As far as I know, Mali-GPU has no efficiency advantage over ARM, at least on my Kirin 990, but Qualcomm GPUs may have efficiency improvements You try the arm82 of MNN, in theory, it will be twice as fast as NCNN without arm82

AlexeyAB commented 4 years ago

Yes, it seems this GPU doesn't improve speed. Try yolov4-tiny.

dog-qiuqiu commented 4 years ago

YOLOV4-TINY:

loop_count = 4 num_threads = 4 powersave = 0 gpu_device = -1 cooling_down = 0 MobileNetV2-YOLOv3-Lite-coco min = 35.15 max = 35.65 avg = 35.43 yolov3-tiny-prn min = 38.83 max = 39.16 avg = 38.96 yolov3-tiny min = 52.38 max = 53.01 avg = 52.74 yolov4-tiny min = 51.23 max = 51.64 avg = 51.42 yolov4 min = 779.41 max = 791.94 avg = 785.52

AlexeyAB commented 4 years ago

@dog-qiuqiu Thanks! So this is 20 FPS - 40.2% AP50 COCO for yolov4-tiny.cfg on CPU Kirin 990 (ARM) - Huawei P40

So you can try to improve yolov4-tiny in the same way as MobileNetV2-YOLOv3-Lite/Nano/Fastest. Or just add groups= to [conv] layers and may be SE-blocks.

AlexeyAB commented 4 years ago

https://github.com/dog-qiuqiu/MobileNetv2-YOLOV3

Darknet Group convolution is not well supported on some GPUs such as NVIDIA PASCAL!!! The MobileNetV2-YOLOv3-SPP inference time is 100ms at GTX1080ti, but RTX2080 inference time is 5ms!!!

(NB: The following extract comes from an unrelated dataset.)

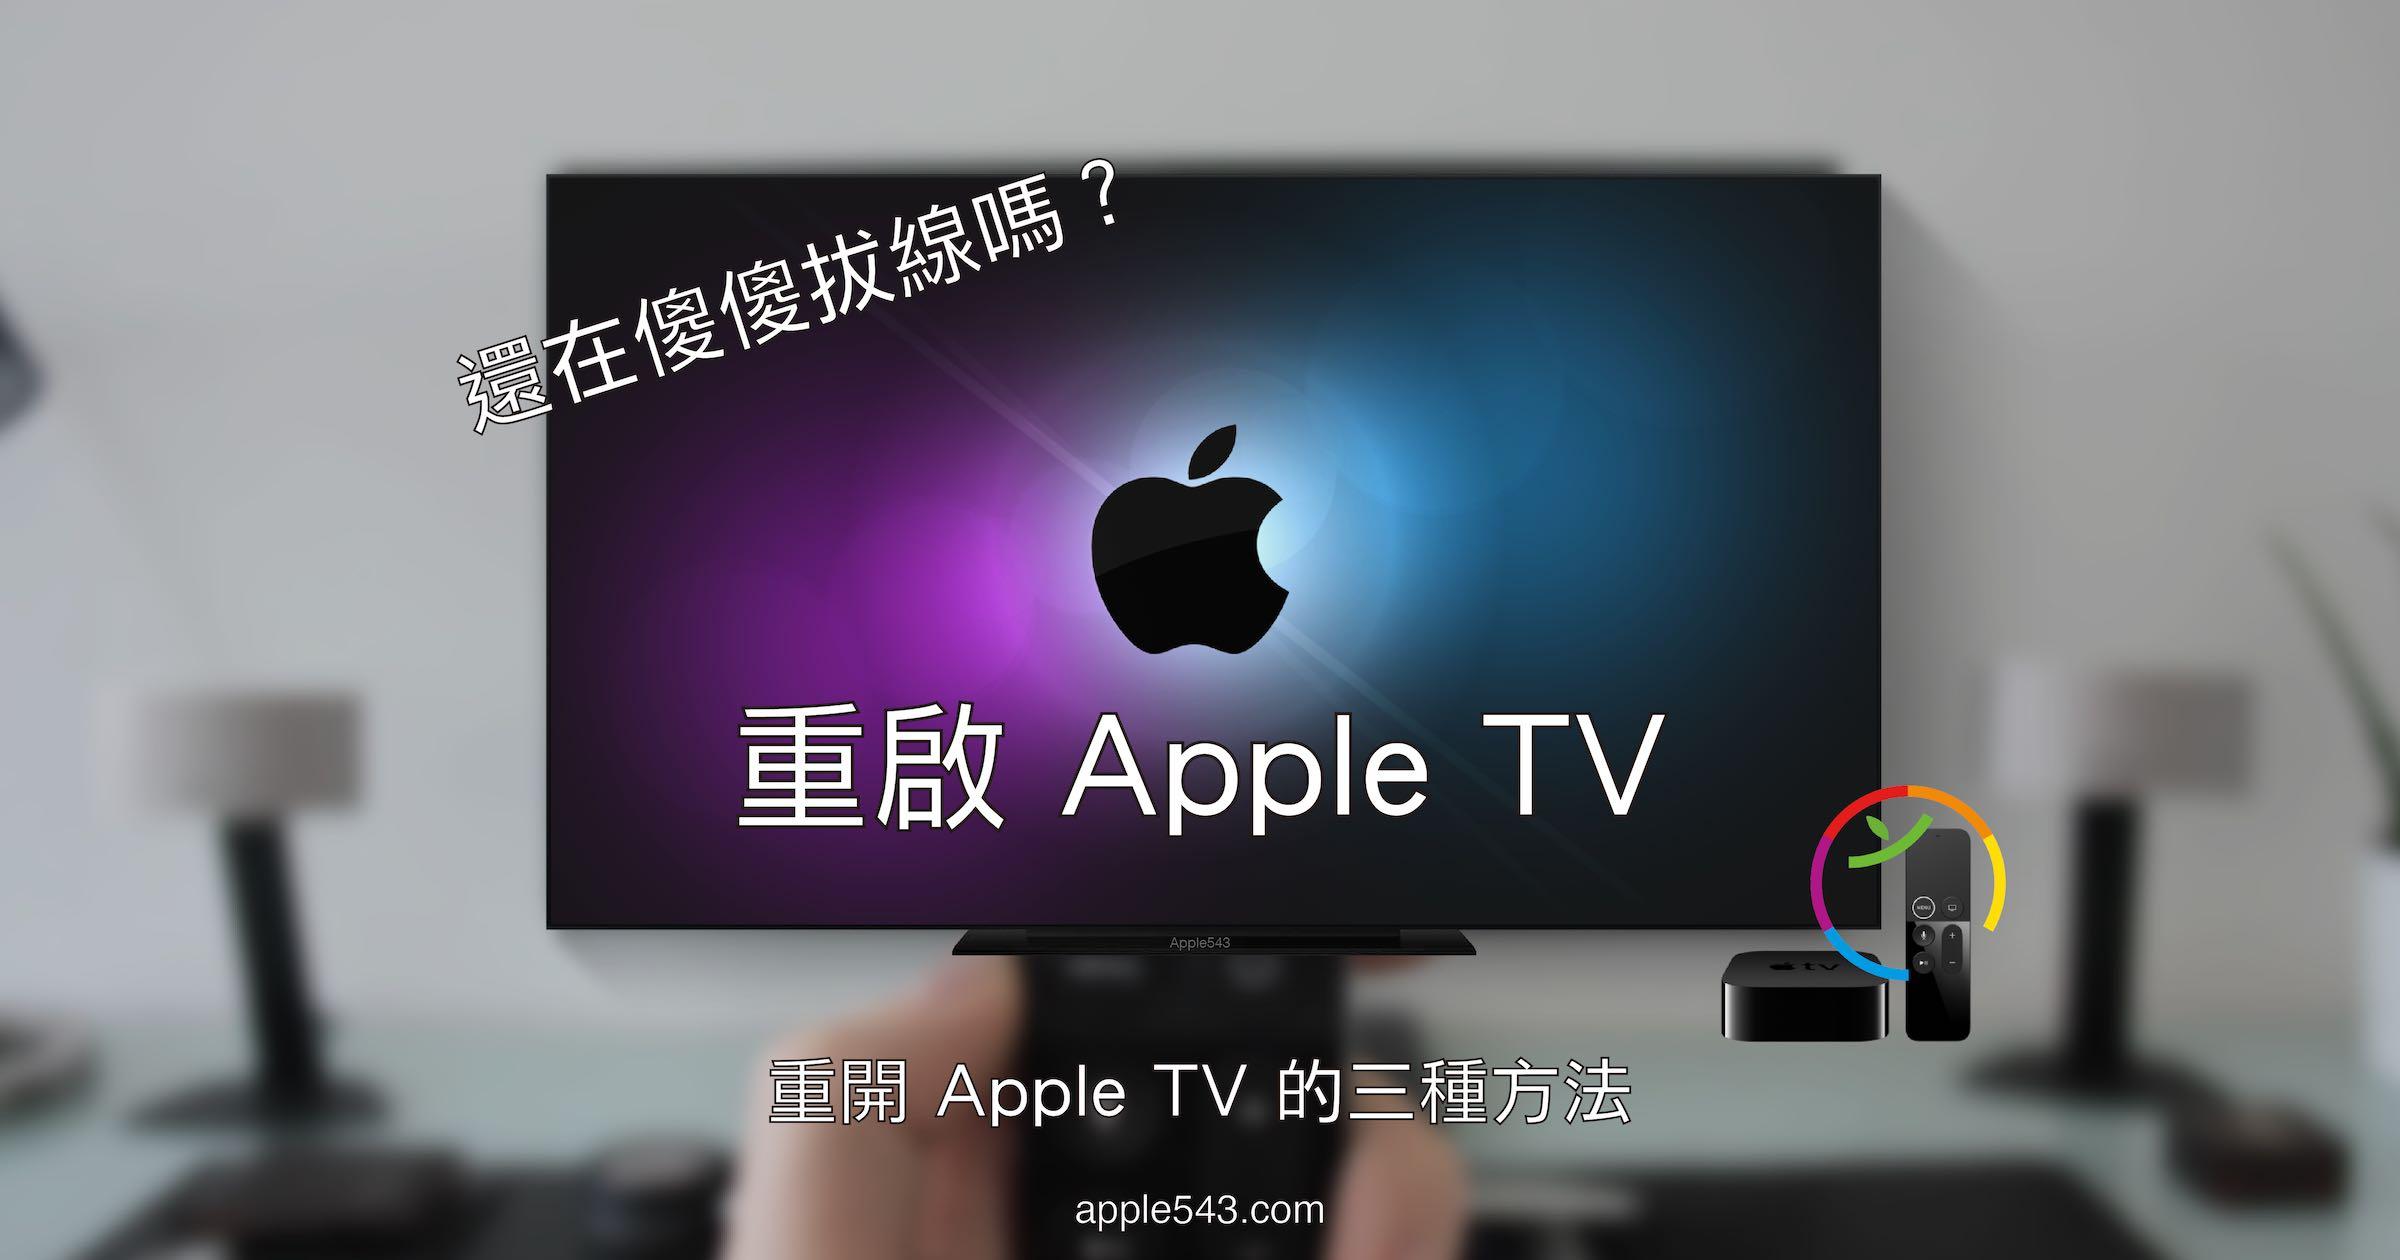 Apple TV 重開機

I think there is so big difference 100ms / 5ms due to different cuDNN versions or something else (one compiled with CUDNN=1 and another with CUDNN=0).

Also about groups=. Tensor Cores on Volta/RTX will be used only if there is no groups (or groups=1) parameter in conv-layer, so for groups>1 will be used the same regular CUDA-cores (shaders) with about ~the same speed: https://github.com/AlexeyAB/darknet/blob/320e6fd8d29f6f7825ef668f15f955f90131f782/src/convolutional_kernels.cu#L423-L424

Darknet/TF/Pytorch/cuDNN/... use the same groups from cuDNN library.

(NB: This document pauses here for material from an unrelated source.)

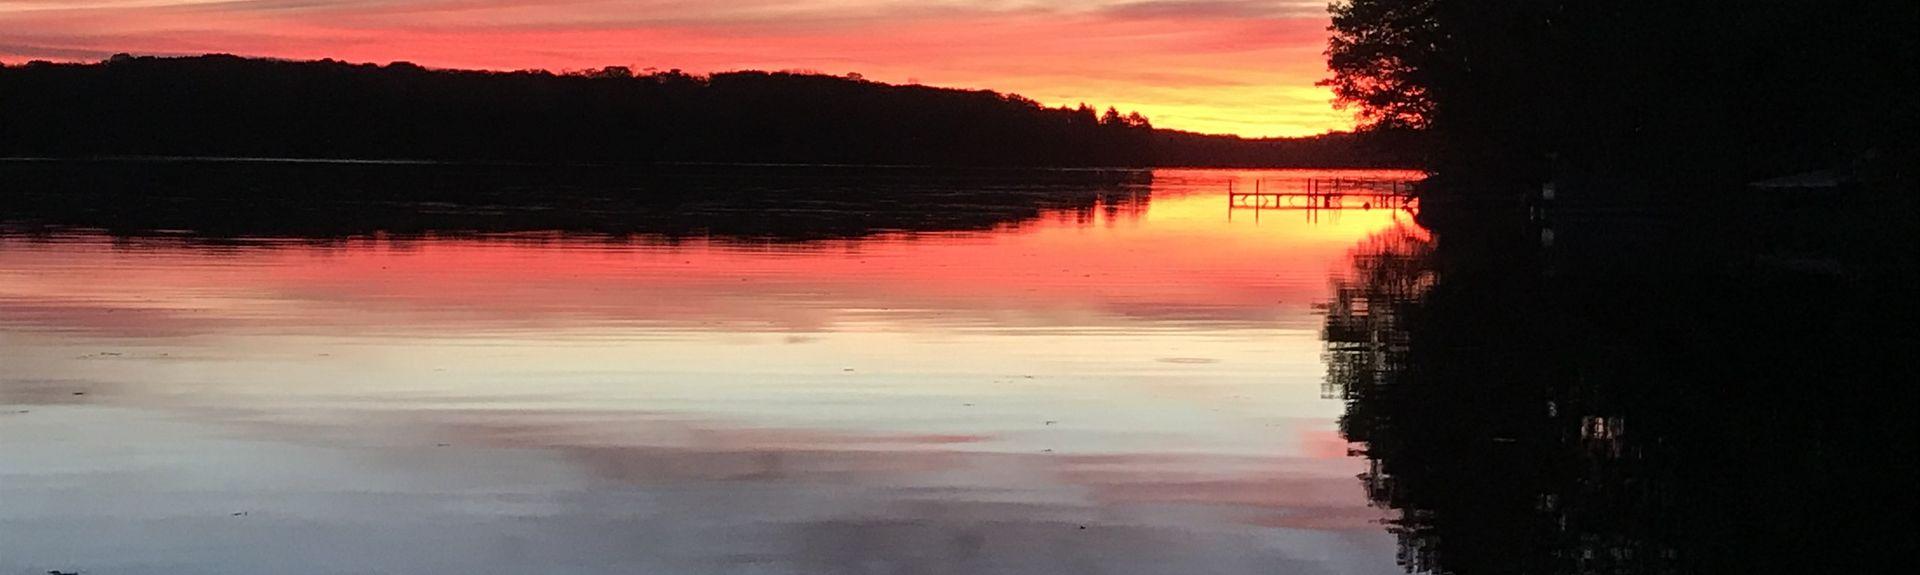 Stone Lake, WI, USA

dog-qiuqiu commented 4 years ago

I will try to improve yolov4-tiny with depthwise separable convolutions, Thank you for your work！！！

AlexeyAB commented 4 years ago

@dog-qiuqiu Hi, Did you try to test yolov4-tiny.cfg and MobileNetV2-YOLOv3-Lite-coco on Raspberry Pi3 / 4?

dog-qiuqiu commented 4 years ago

@AlexeyAB Okay, I have a Raspberry Pi 3b I will test the time-consuming benchmark

AlexeyAB commented 4 years ago

@dog-qiuqiu

I will try to improve yolov4-tiny with depthwise separable convolutions, Thank you for your work！！！

Okay, I have a Raspberry Pi 3b I will test the time-consuming benchmark

Hi, did you have any success with it?

dog-qiuqiu commented 4 years ago

@AlexeyAB Sorry, because my Raspberry Pi 3 is missing an SD card, I plan to buy an SD card on Saturday to test the Raspberry Pi 3 benchmark, but I can now run MobileNetV2-YOLOv3-Nano on Android in real time, and I plan to replace yolov4-tiny transplanted to Android to run in real time, this is the Android project: https://github.com/dog-qiuqiu/MobileNetv2-YOLOV3#ncnn-android-sample

dog-qiuqiu commented 4 years ago

@AlexeyAB Hi,This is a real-time detection Android project based on ncnn's yolov4-tiny:https://github.com/dog-qiuqiu/Android_NCNN_yolov4-tiny

AlexeyAB commented 4 years ago

@dog-qiuqiu Nice!

AlexeyAB commented 4 years ago

It seems RaspberryPi4 (4 Threads) can processes yolov4-tiny (int8, 416x416) with 4 FPS by using TFLite: https://github.com/PINTO0309/PINTO_model_zoo#3-tflite-model-benchmark

RaspberryPi4 + Ubuntu 19.10 aarch64 + 4 Threads + yolov4_tiny_voc_416x416_integer_quant.tflite Benchmark Timings (microseconds): count=50 first=233307 curr=233318 min=232446 max=364068 avg=243522 std=33354

TF models:

Just interesting to compare TFLite with NCNN.

Lowell-IC commented 4 years ago

1602672919(1) @AlexeyAB @dog-qiuqiu Hello! I am sorry to bother you. I want to ask that is it depthwise convolution in the picture if I change the left into the right? The answer is very important to me. Looking forward to your reply. Thanks a lot.

LYH-depth commented 3 years ago

@Lowell-IC brother do you get your anwser?